Some of them will use uPNP to connect to "media servers" but the media server has to stream the FLAC so it down-converts as it transcodes (translates digital info to music) over the network for the receiver to play.

Even the highest high end Onkyo TX-NR906 does not support FLAC through its USB ports. This is particularly confusing because certain reviewers claim that it can play FLAC - well yes it "can" via the "media server" as described above.

Why haven't all the high end audio device makers not seized this opportunity? Is it because the true connoisseurs still listen to loss-less music on analog media (LP) ? What about the rest of us (ok ME) that can't afford the great analog equipment ?

Or... am I completely missing the boat on this? Are there good quality receivers in $2000 range that can play native FLAC?
anuruddhak

Showing 2 responses by kirkus

Some of them will use uPNP to connect to "media servers" but the media server has to stream the FLAC so it down-converts as it transcodes (translates digital info to music) over the network for the receiver to play.
I'm not sure where you got this information, but "down-conversion" isn't at all part of the uPNP protocol . . . the fact that it's "streaming" it from a network device doesn't mean that the audio quality is converted to typical "streaming" internet-radio quality. Plain 'ol 100Mbps ethernet has way more than the necessary bandwidth to stream 192KHz/24bit and beyond . . . so if a uPNP media renderer (i.e. the receivers that you describe) is properly designed, there is no loss of quality in transferring the file across the network.

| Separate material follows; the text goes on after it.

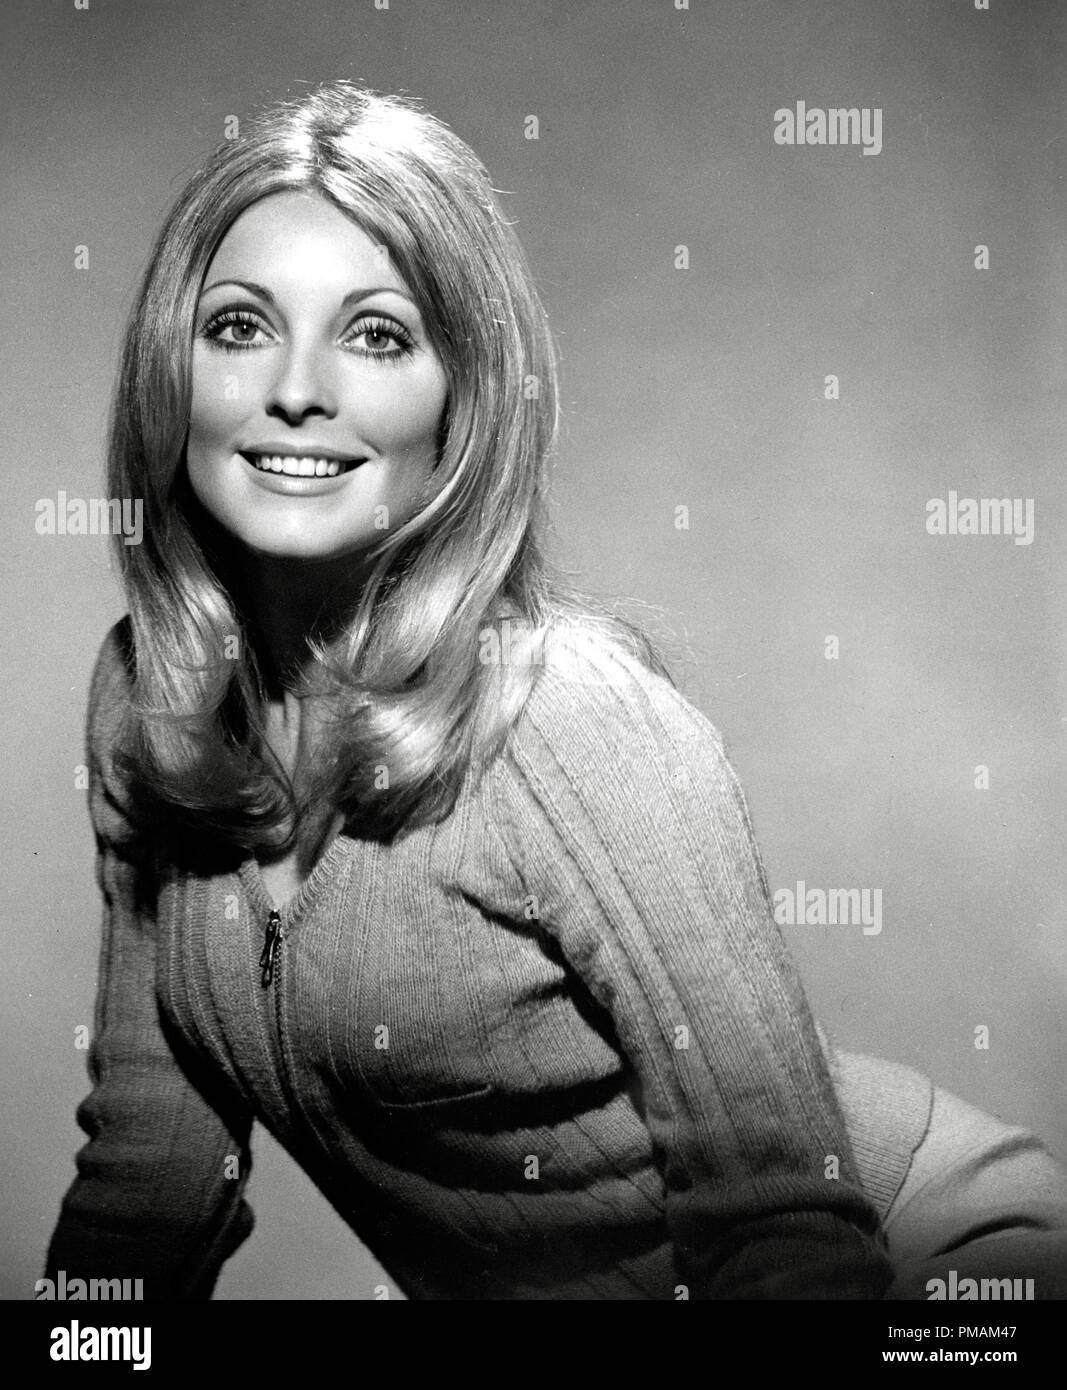 Forum on this topic: Princess Ryan (b. 1989), sharon-cuneta-b-1966/

You might take a look at the Linn DS components - they deliver pretty amazing performance, and support FLAC natively.
Since PS3 cannot play flac files from its own hard drive the media server has to process the flac file, down-convert and stream it to the PS3.
I'm not really familiar with the PS3 in this application, but if it doesn't support FLACs . . . then that's the type of bottleneck that would require the music file to be transcoded or down-converted simply for it to play at all.

The idea behind uPNP is that music files can be transferred between a media server and a "media renderer", and selected by a "control point" . . . and sometimes two or all three of these things are combined in one box. In a Linn DS setup, you have a uPNP media server (usually a dedicated Network Attached Storage appliance), a control point that's used to select your music (i.e. a PDA or laptop running Linn music-browser software), and the Linn DS itself, which is the media renderer. "uPNP" is simply the protocol by which the information is transferred between these three devices, in the same way that "TCP/IP" or "Windows file sharing" is a protocol . . . and have nothing to do with the content of the file itself (as long as nothing is broken and the files arrive intact).

To play FLACs, the media server has to support them because it must be able to read the data tags from the music files and send them to the control point so you can see your collection - but when the file is played, it is transferred whole and unmolested from the media server to the media renderer, which must also support FLAC in order to play it natively. Thus, the ultimate determiner of the sound quality *should* simply be the media renderer.